The kit arrived from Ukraine in a bubble bag with the kit sprues wrapped in bubble wrap, the box unassembled and a section of cardboard to keep it from being bent. Unfortunately, that was insufficient to protect all the parts as several were knocked from the sprue and the very delicate inner framework pieces were all broken with some sections broken away. I also found that one of the exhaust sections was missing as if it had not been there when the kit was bagged. I contacted the seller and have been told that a replacement will be sent.
Parts are typical of this company with fairly close sprue gates, flash on some of the parts, and somewhat 'soft' detailing. A photo etch fret is include for the seat harnesses, instrument panels, foot troughs on the floor, straps for the rudder bar, radio faces and brake discs for the wheels. There is a single piece transparency that is fairly thick. My transparency has an irregular crack running along most of the upper part, undoubtedly due to the packaging.
The cockpit contains most of the photo etch. For some reason, MicroMir wants you to remove the molded in place foot troughs and replace them with photo etch. Each of the instrument panels is five pieces with two of those being acetate film with the instruments on them. Inside the fuselage fit very finely done framework. Mine will require some repair prior to installation. There are side consoles to install along with rudder bars and p.e. straps. A rear shelf with the radios fits in the back and there is an upper divider piece between the front and rear cockpits.
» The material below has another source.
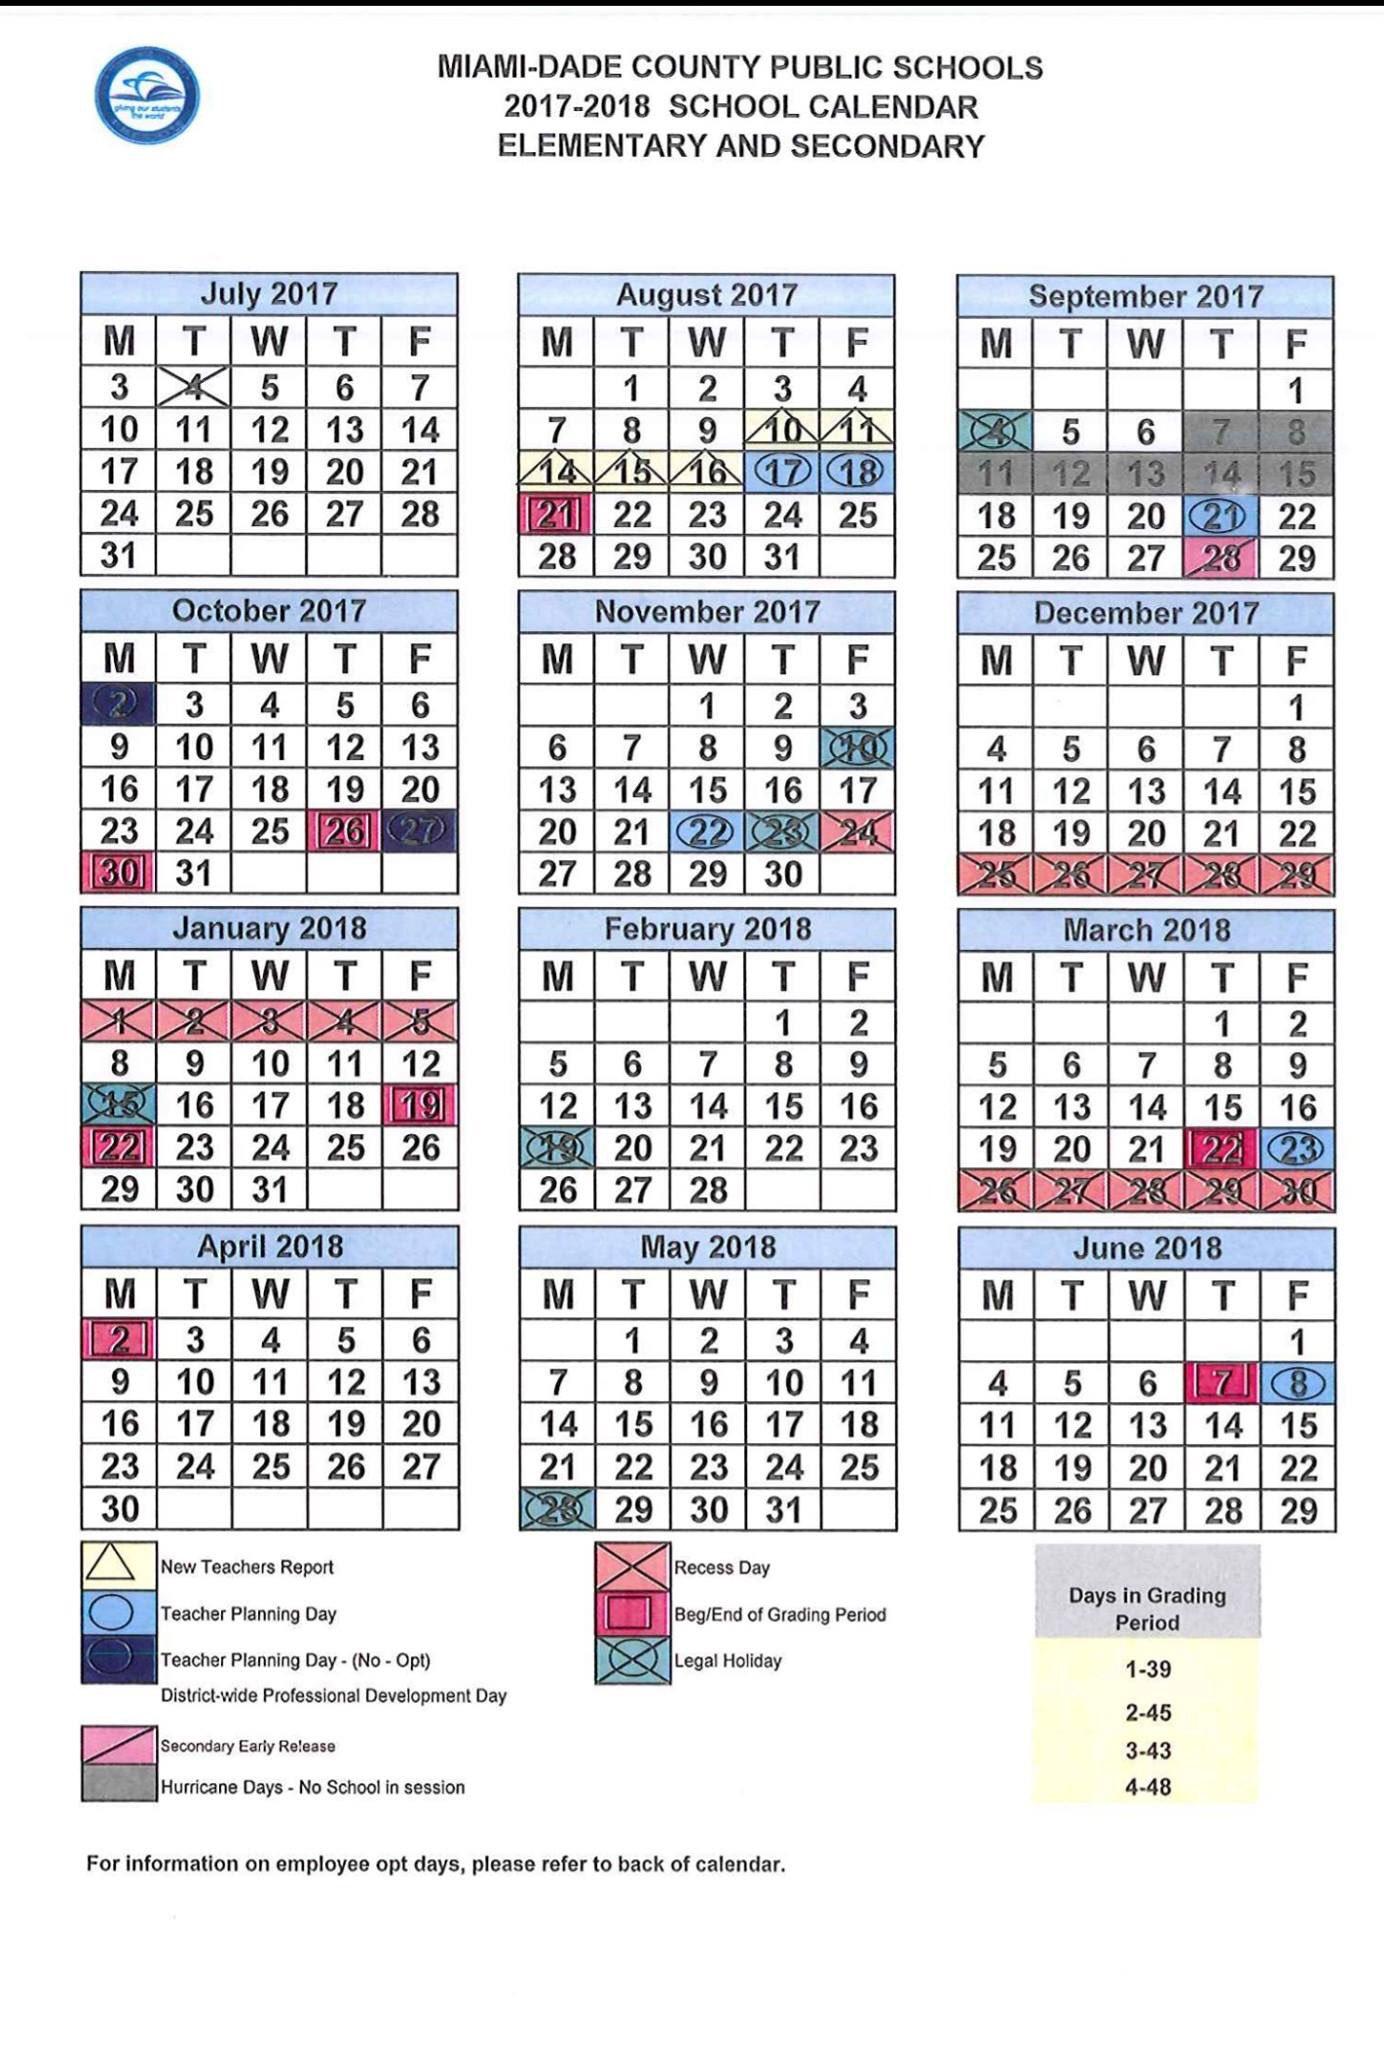 Mdcps Calendar 2022 23.South Miami K 8 On Twitter Revised School Calendar For 2017 2018 Mdcps

Before closing the fuselage, the seats are installed.
Work then goes to the wing where one installs the shallow wheel wells before attaching the upper and lower wings to the single piece lower sections. The engine is built up with a three piece crank case section, separate cylinders and separate exhaust pipes. As mentioned earlier, one of my exhaust went missing before I even opened the parts bag. Next, a five piece cowling fits over the engine and a p.e. section fits on the very front of the engine. This assembly along with the wing is then attached to the fuselage.
The next several steps finish up the process. This includes the installation of rudder and tailplanes (a butt join for both), the attachment of the prop and spinner along with the canopy and a clear area just aft of the cockpit. Then the tail wheel pieces and tailplane struts are installed. This is followed by the landing gear legs (one of which is broken at the oleo scissors on my kit), wheels and the radio mast.
Instructions are adequate but provide no interior or engine painting information so you are on your own in that regard. markings are provided for eight aircraft. Most are in olive green over sky blue. Five are Soviet with one in all red, one in overall light grey and another in a medium grey. Also included are planes from Austria, Poland, and East Germany. The decal sheet looks very nice and is fairly large.
If you have experience with short run kits, this one should not be very difficult. My enthusiasm for the kit is tempered by all the broken parts that I'll have to repair and the fact that the cracked canopy basically makes the kit unbuildable.